The splitter section I have in my drawing was set up like that hypothetically. I figured I could feed line input to the opamp, make it have a gain of 2, to turn the ~1-2 volts into ~2-4 volts. That would go through 2 seperate buffers to keep the pots "seperate" from the circuit. My reasoning behind this was a simple circuit in parallel. If you have 2 resistors of 10 ohms each in parallel, each sees, lets say, 1 volt and 1 amp going through. However, if you change one of those resistors to a 5ohm (analogous to cranking the pot to 50%) it will cause one resistor to see a decrease in current while the other will actually see an INCREASE in current. In my head, this means that lowering the volume of output 1 will cause an increase in volume of output 2 without the presence of those buffers.

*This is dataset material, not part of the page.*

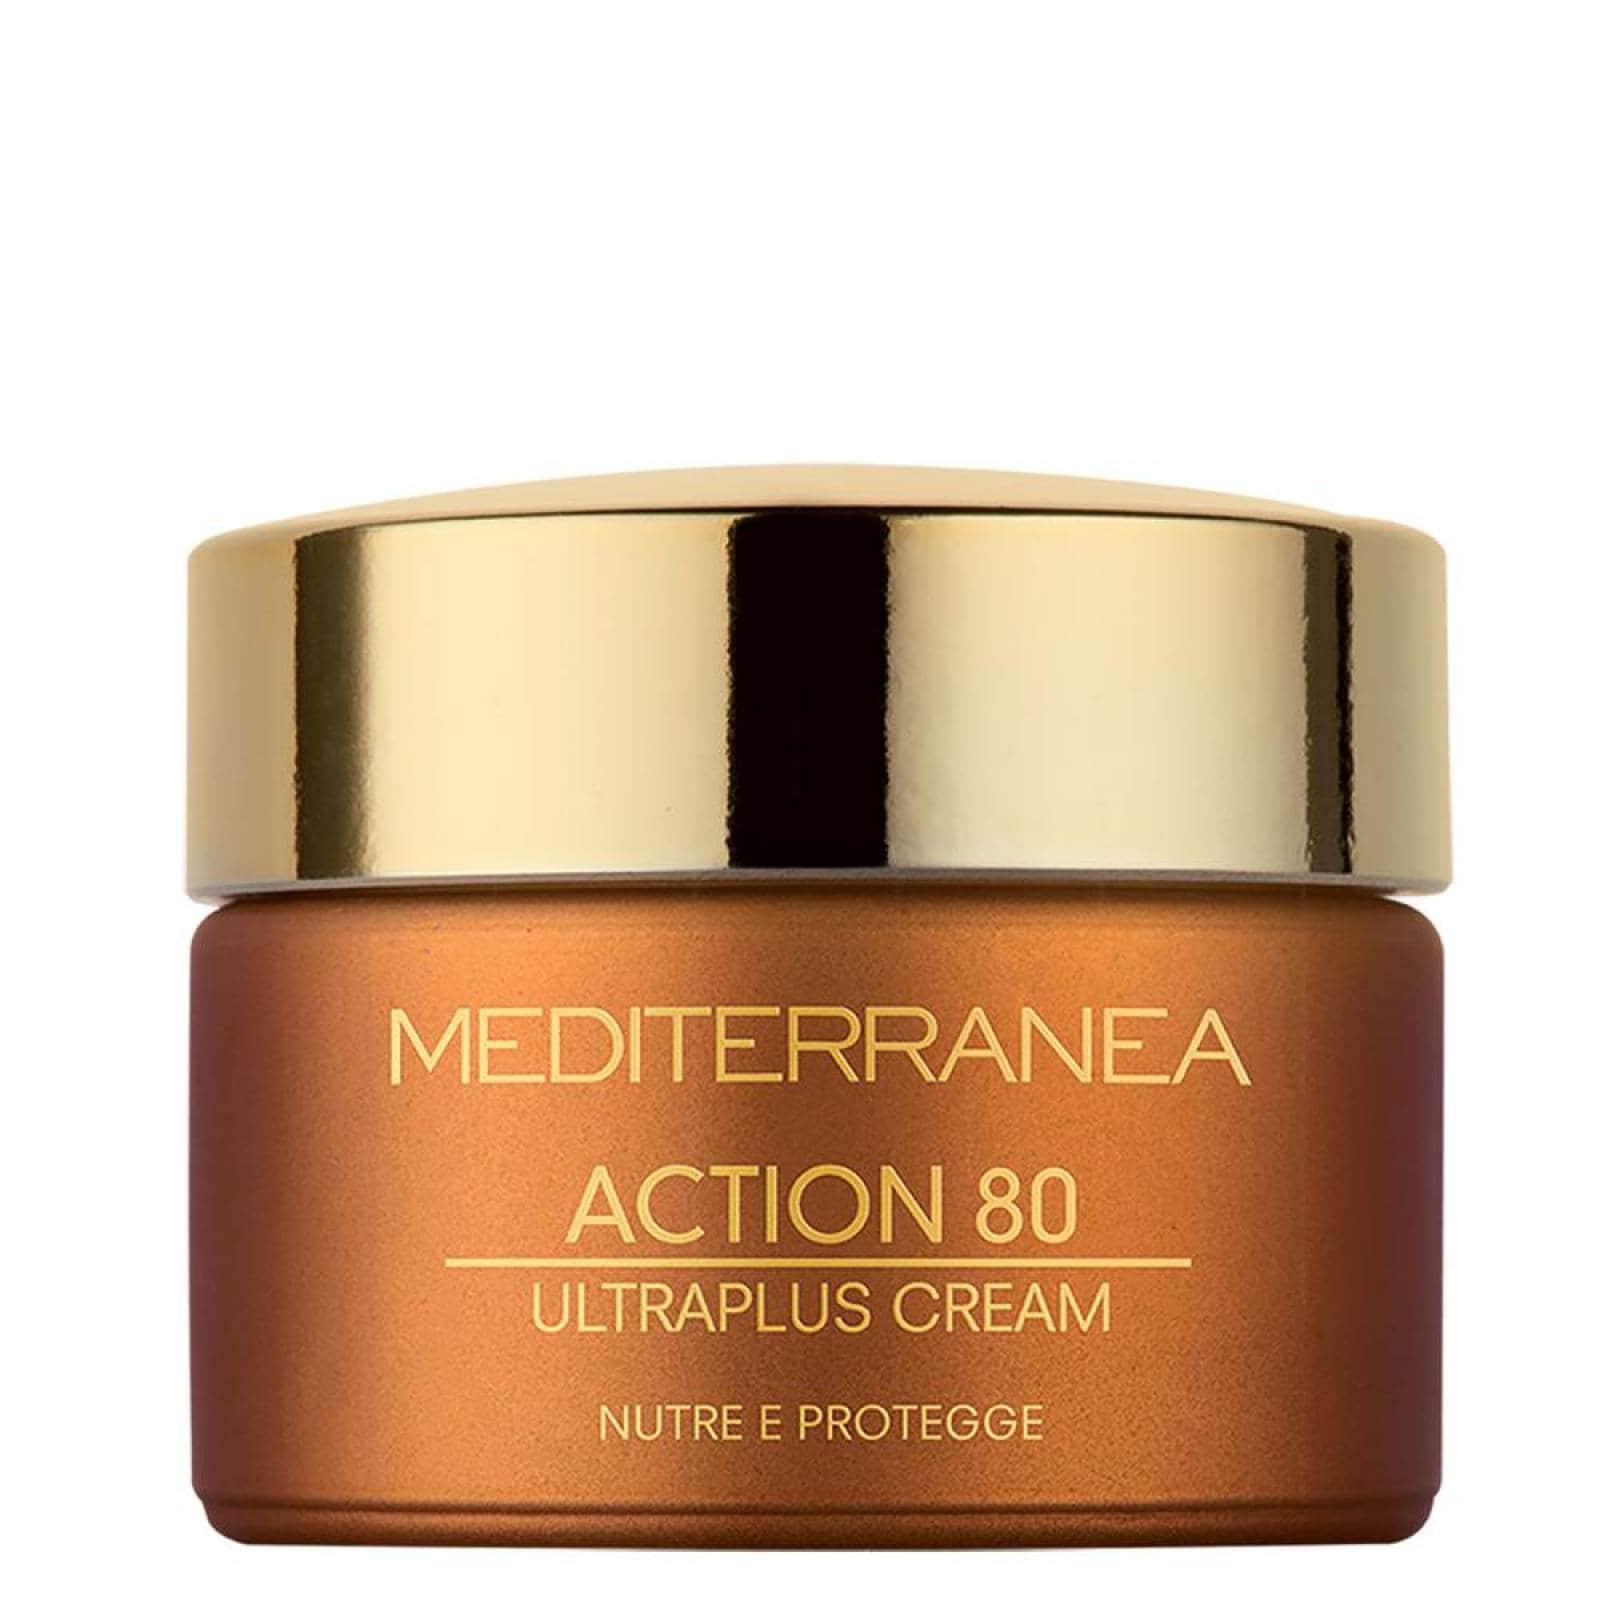 Action 80 Crema Ultra Plus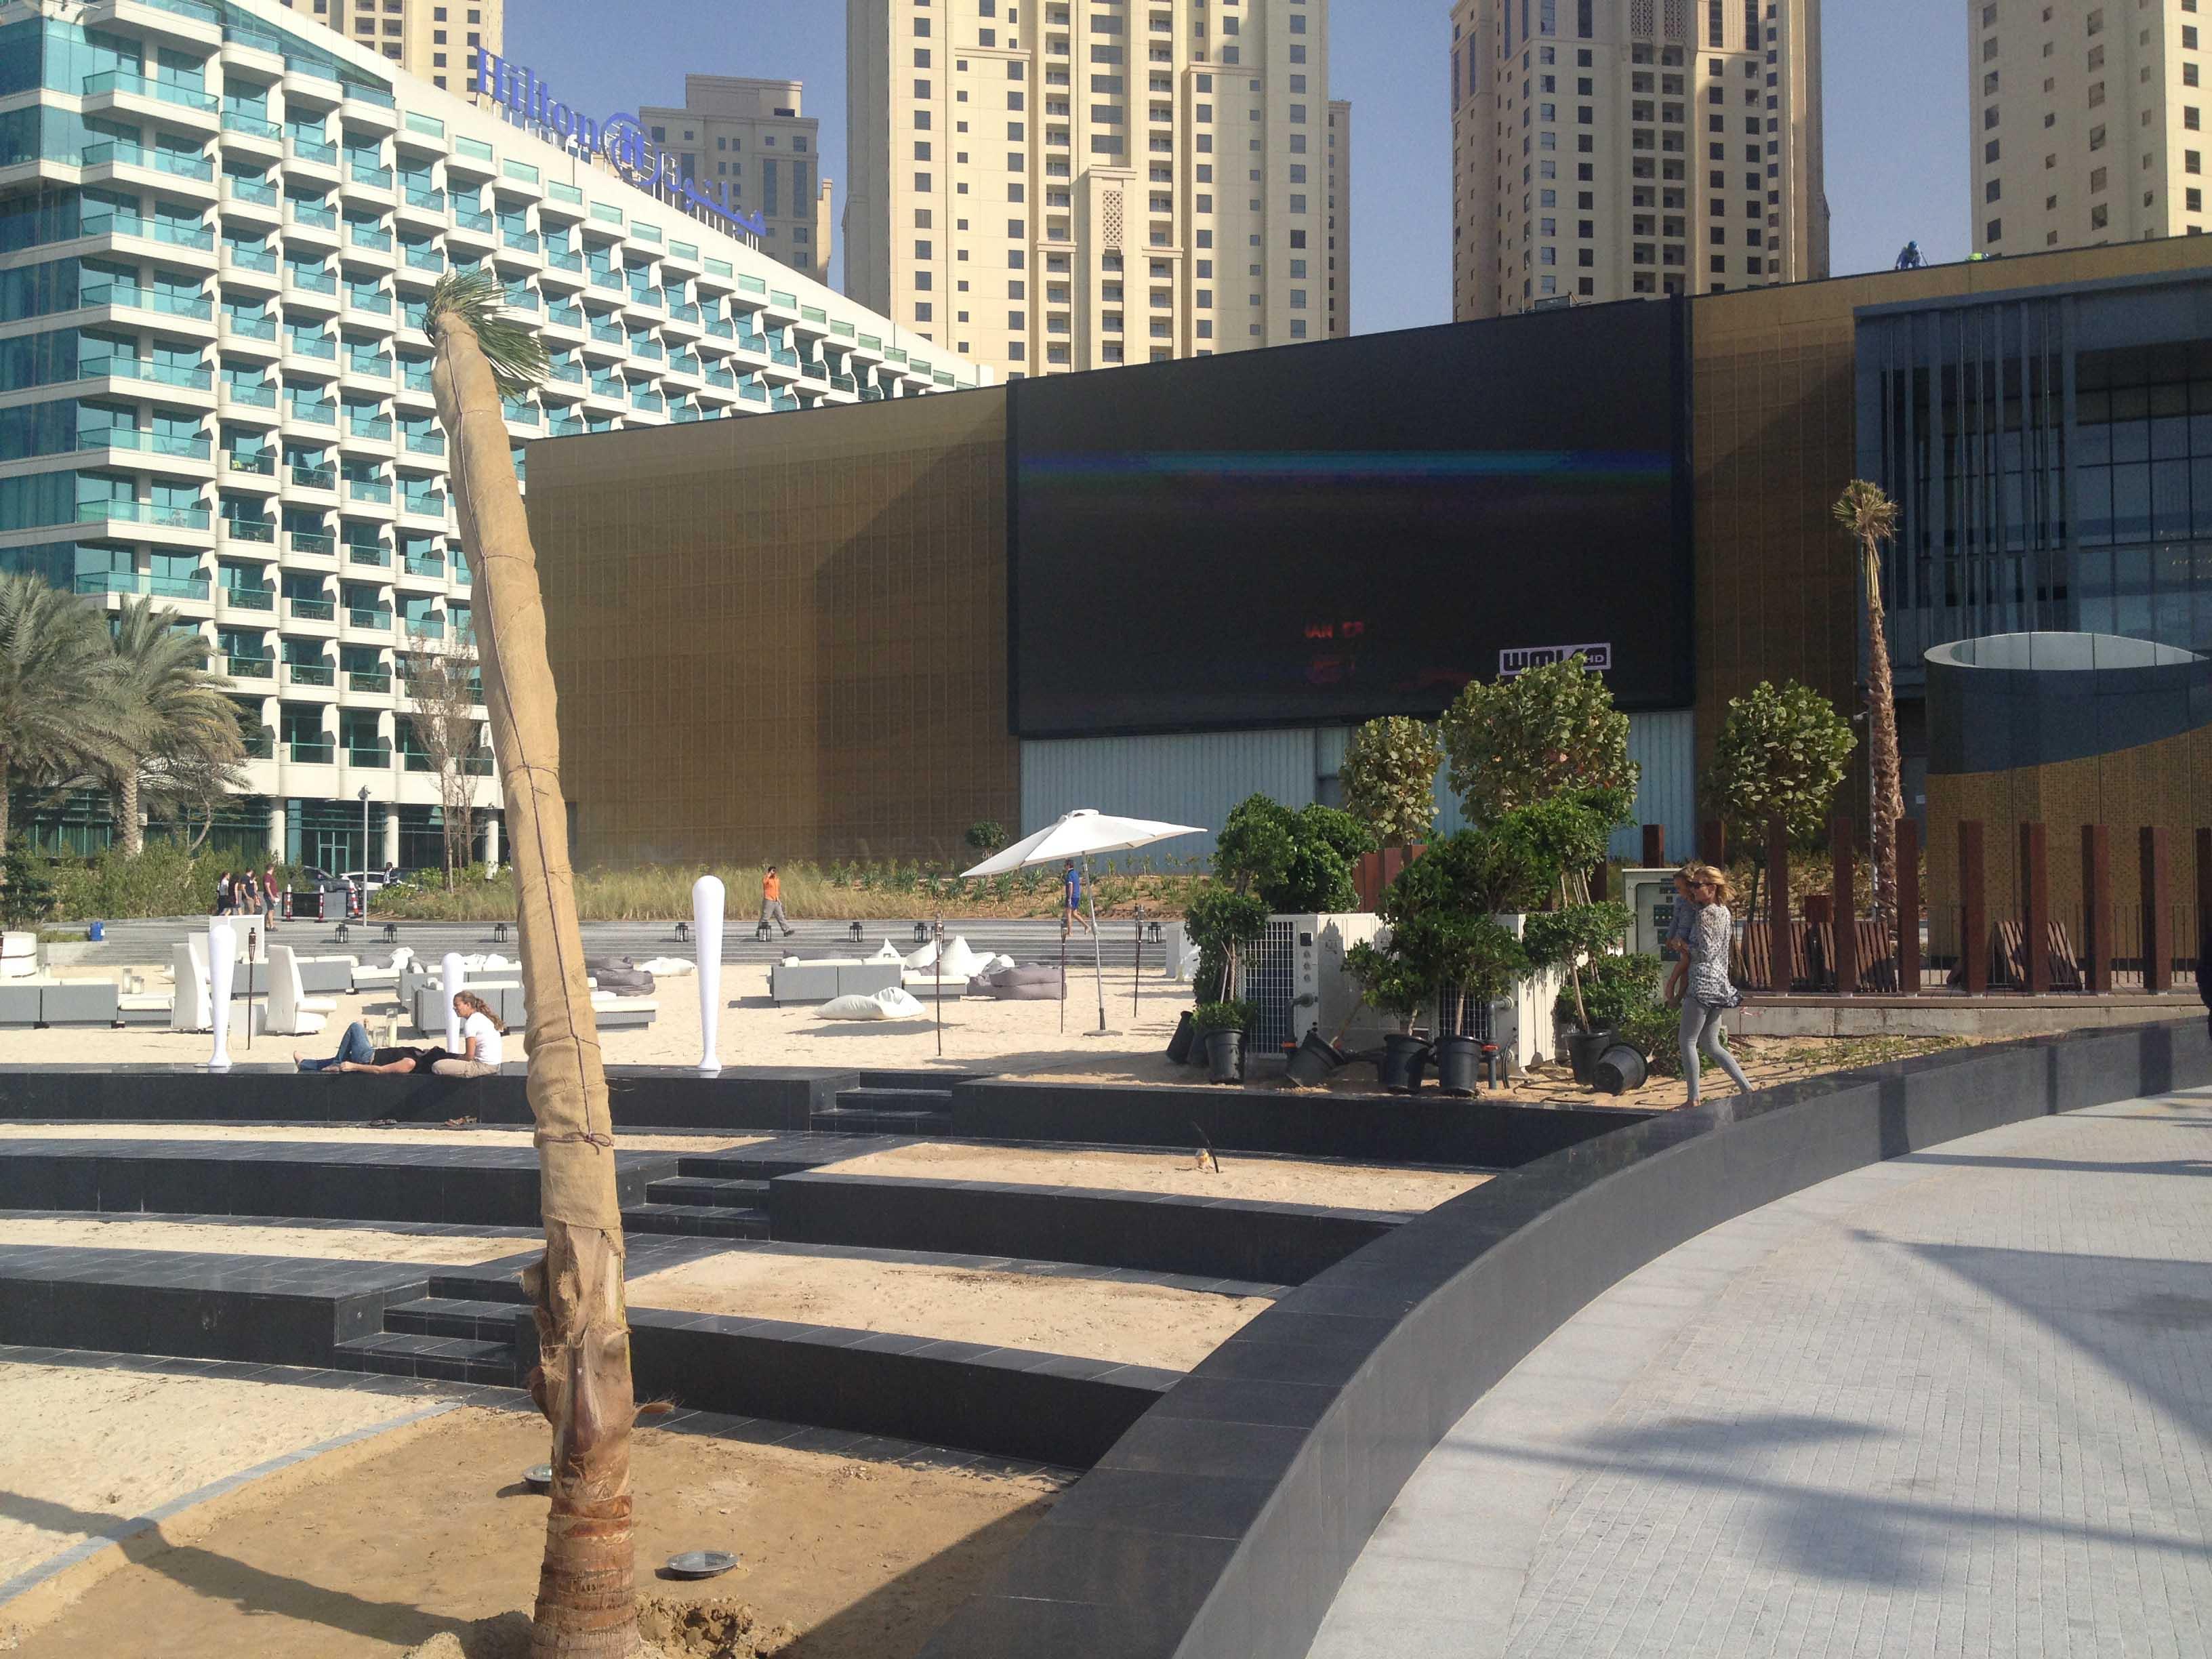 Jumeirah Beach Residence or GPR

As for the final unity gain buffer stage I think it is unnecessary. I dont think the input of the amps on the subwoofer and speakers cares how much of an input load they see. I just read that amps should have very high input and very low output impedance, so i put the buffers there. As an added benefit of the buffers being there, I could design a further extension to the circuit that lets me flip a switch such that the speaker/sub stops getting input while a third output, headphone, will get the output from what used to be the speaker or subwoofer output. Either that or I can simply unplug one of the devices, turn volume to 0 for the other device, and plug my headphones in to the first device output.

I hope that made sense.

Also, I dont know how I feel about that unbalanced to balanced converter. If theres one thing i've learned from my DIY experience it is to never put capacitors in the signal path, and I see capacitors all over the signal path of that schematic.
 
Mar 31, 2012 at 8:27 PM Post #8 of 9
If you get rid of the master volume pot from my schematic, it will do what you want.
Adjusting the volume of one pot will not affect the other.
 
You could probably do away with the caps from the unbalanced to balanced converter.
It depends to some extent on the op amp you use.
 
Mar 31, 2012 at 9:04 PM Post #9 of 9
yeah the caps are only there because there was this one lab i did in analog electronics where I had a TON of noise from the opamp. Adding a cap there made it go away somehow. I dunno, I have no way to measure it and RLC circuits are something i'm godawful at.

Why will 2 pots in parallel not affect the volume control to each individual device? Is it because the pots are only "concerned with" voltage and the driver itself will control current flow based on voltage it "sees"?

EDIT: also, is it just me or does your schematic have the opamp +/- terminals reversed?